As Kara Swisher notes of Fowler's post:

But post-Fowler, you could not ignore it, because she pulled off what poet Louise Gluck wrote about in her poem, “Circe’s Power”: “I never turned anyone into a pig. Some people are pigs; I make them look like pigs.”
 
Which is to say that Fowler did everyone in tech a public service by doing nothing more than making pigs look like pigs.
 

Fowler wasn't just brave, she was also incredibly wise. With every right to take an indignant tone, she instead maintains a measured, reportorial tone from the start, beginning with the very demure title. Can you imagine what any modern headline writer would've titled her post? Thank god she was able to retain control of her tone and voice from title on down.

In calmly reciting point after point with heroic, reserved prose, she checkmated the company, doing something that countless angry screeds from tech journalists could not do, all of those opening themselves to accusations of partisan naysaying. Fowler simply told her story, and told it straight.

It doesn't take long. In her third paragraph, she writes:

After the first couple of weeks of training, I chose to join the team that worked on my area of expertise, and this is where things started getting weird. On my first official day rotating on the team, my new manager sent me a string of messages over company chat. He was in an open relationship, he said, and his girlfriend was having an easy time finding new partners but he wasn't. He was trying to stay out of trouble at work, he said, but he couldn't help getting in trouble, because he was looking for women to have sex with. It was clear that he was trying to get me to have sex with him, and it was so clearly out of line that I immediately took screenshots of these chat messages and reported him to HR.
 

"Things started getting weird." That's one way to put it, but think of how many other ways she could have said it. It almost sounds naive, but it's clear she knows what's happening, and how in this high stakes game of poker, she has to be the coolest player at the table, lest she, like so many women before her, be labeled some hysteric. Her post is a masterpiece of tone and rhetorical control, and it had to be. No resorting to snark or irony or any number of tricks of the clever; she bore her own witness, and no better witness could an attorney have imagined.

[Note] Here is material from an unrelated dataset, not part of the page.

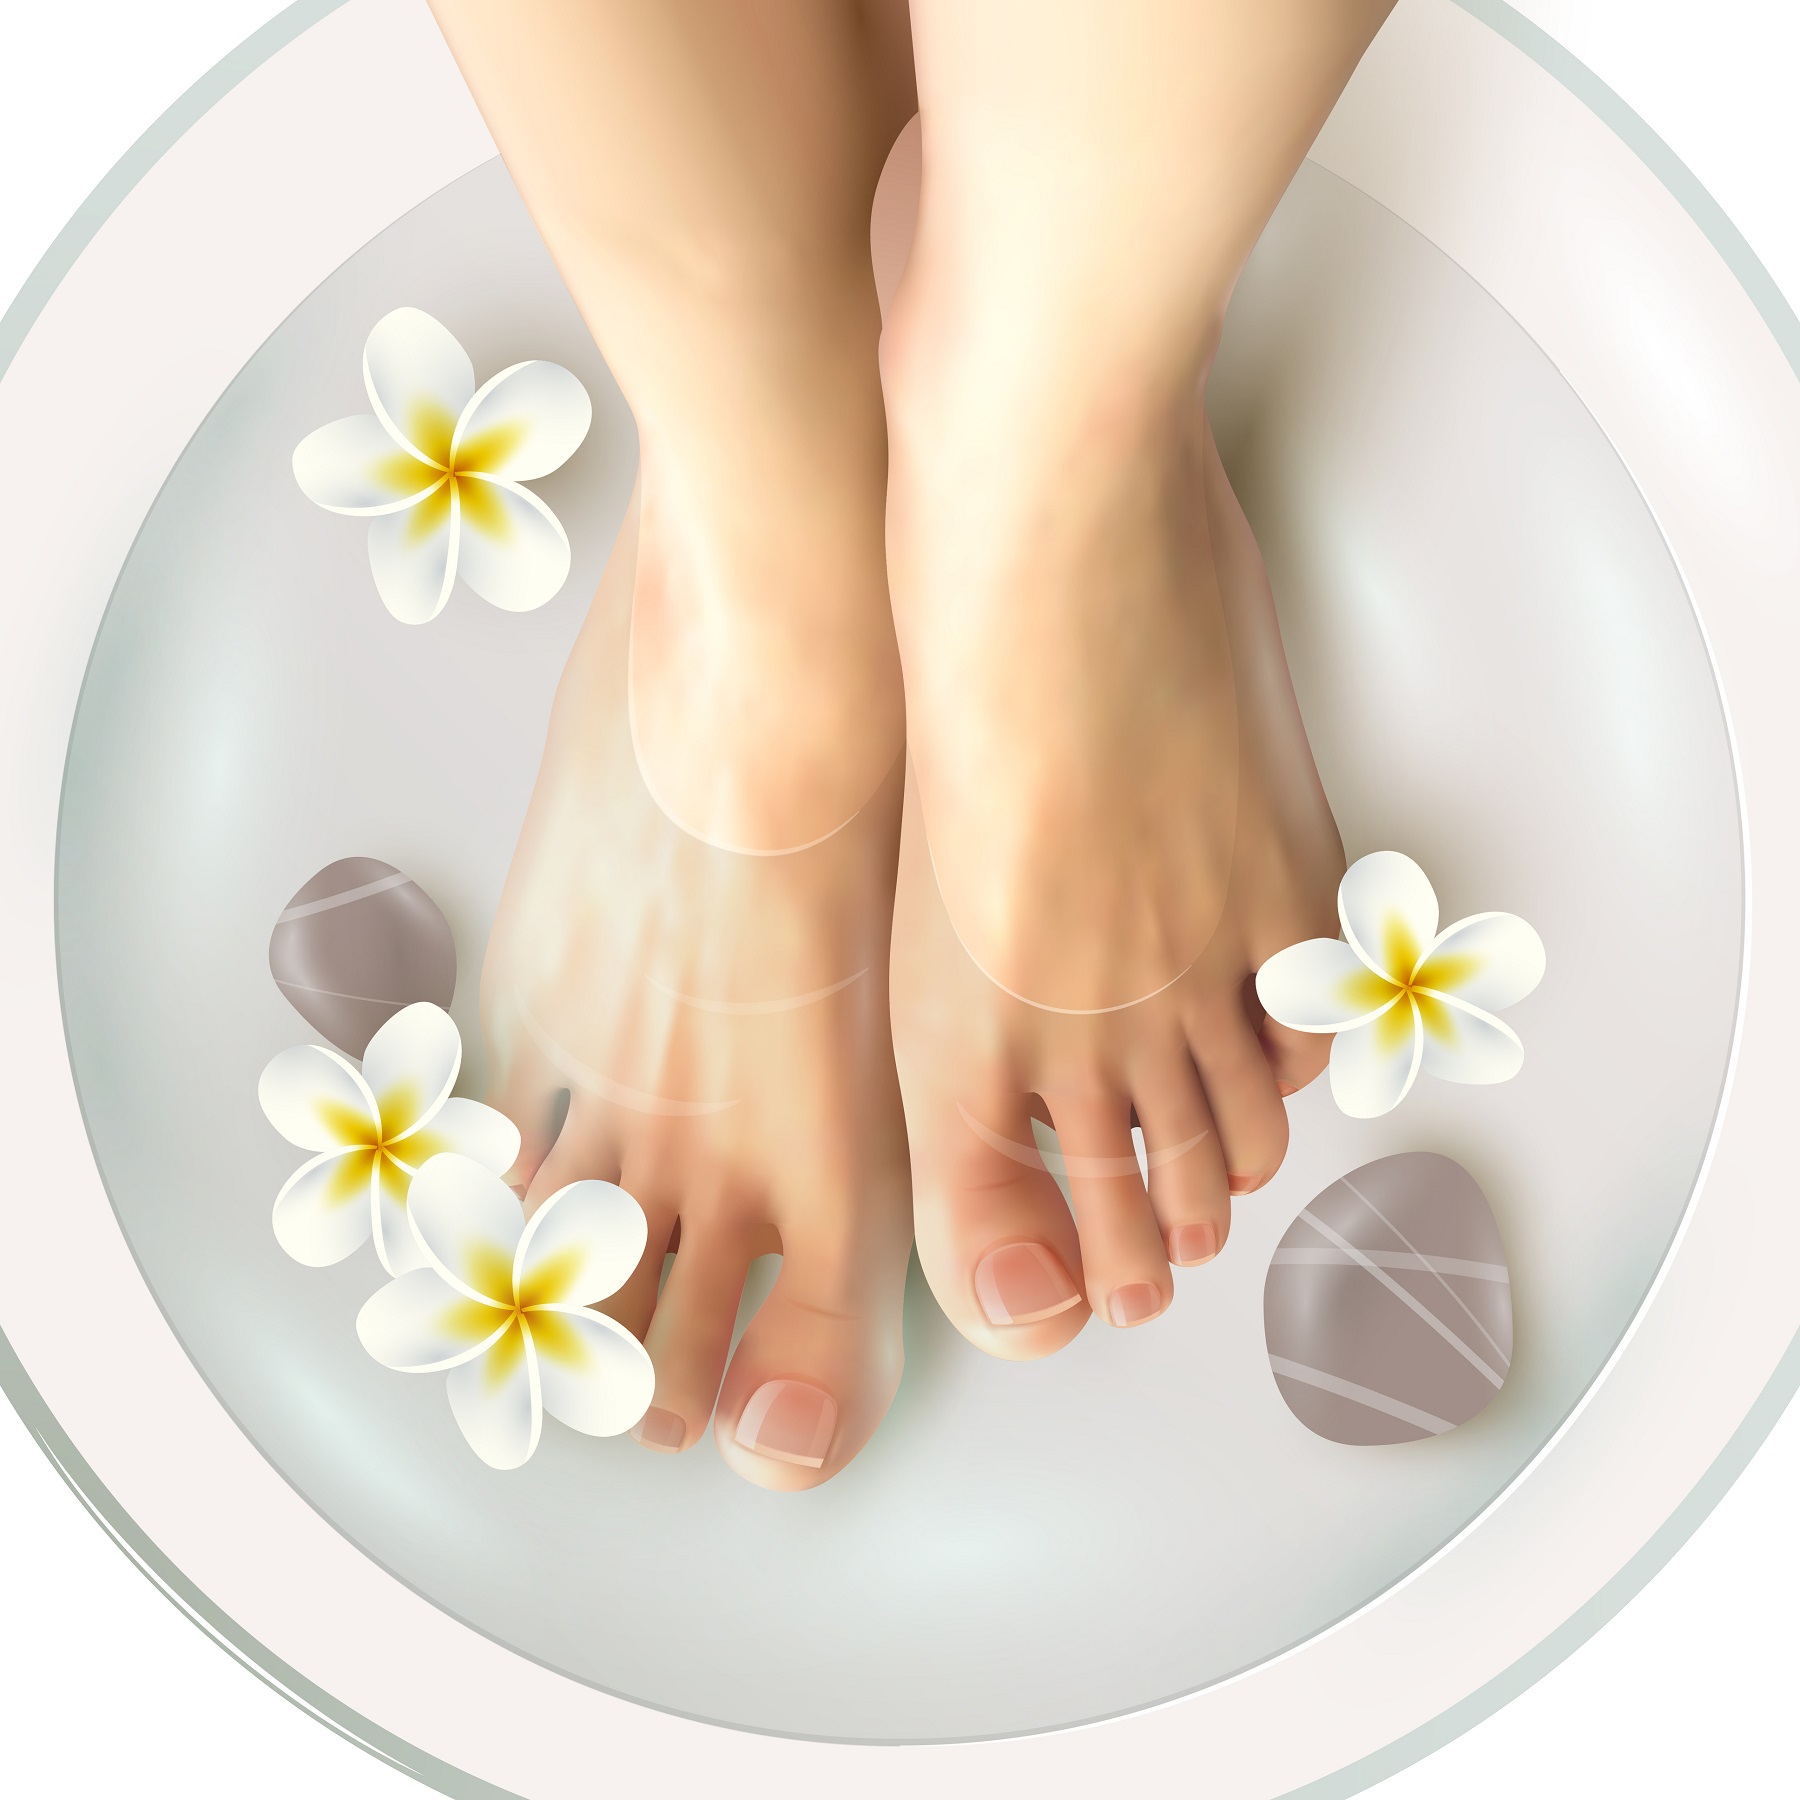 Pedicure spa female feet in spa bowl with water flowers and stones realistic vector illustration

It's also worth noting that she did what every employee training course I've ever taken says you should do, which is to report such incidents to HR. I've met many a kind HR person in my career, but let's be honest about what bad advice this is for employees. It's not just that Uber's HR department let Fowler down; in every company I've ever been at, HR reports into the CEO, and their job is to protect the company. I hope my readers will provide me with examples of HR protecting employee's interests in such cases, but from what I've seen and read, the moment you report an incident to HR they start building a dossier on you and a case to defend the company in court. Their work will be in that courtroom with you, but it will be on the desk of the company's attorneys, not yours. As many an employment lawyer has told me, before you talk to HR, you should talk to one of them. Until we have some independent, ombudsman-like HR group looking out for employees in the tech world, that would be my advice, too.

HR failed Fowler, but she took matters into her own hand. Her post said, “This happened. This happened. Look on the works of these mighty, and despair.”

Those in power are not stupid. They know the power of common knowledge in solving the coordination problem among those who'd oppose them. The first thing oppressive regimes facing rebels at the gates will do is cut off public communication channels like television, radio, and social media. If the opposition cannot communicate with each other, they do not know how many others will stand with them if they march on those in power, weakening their resolve.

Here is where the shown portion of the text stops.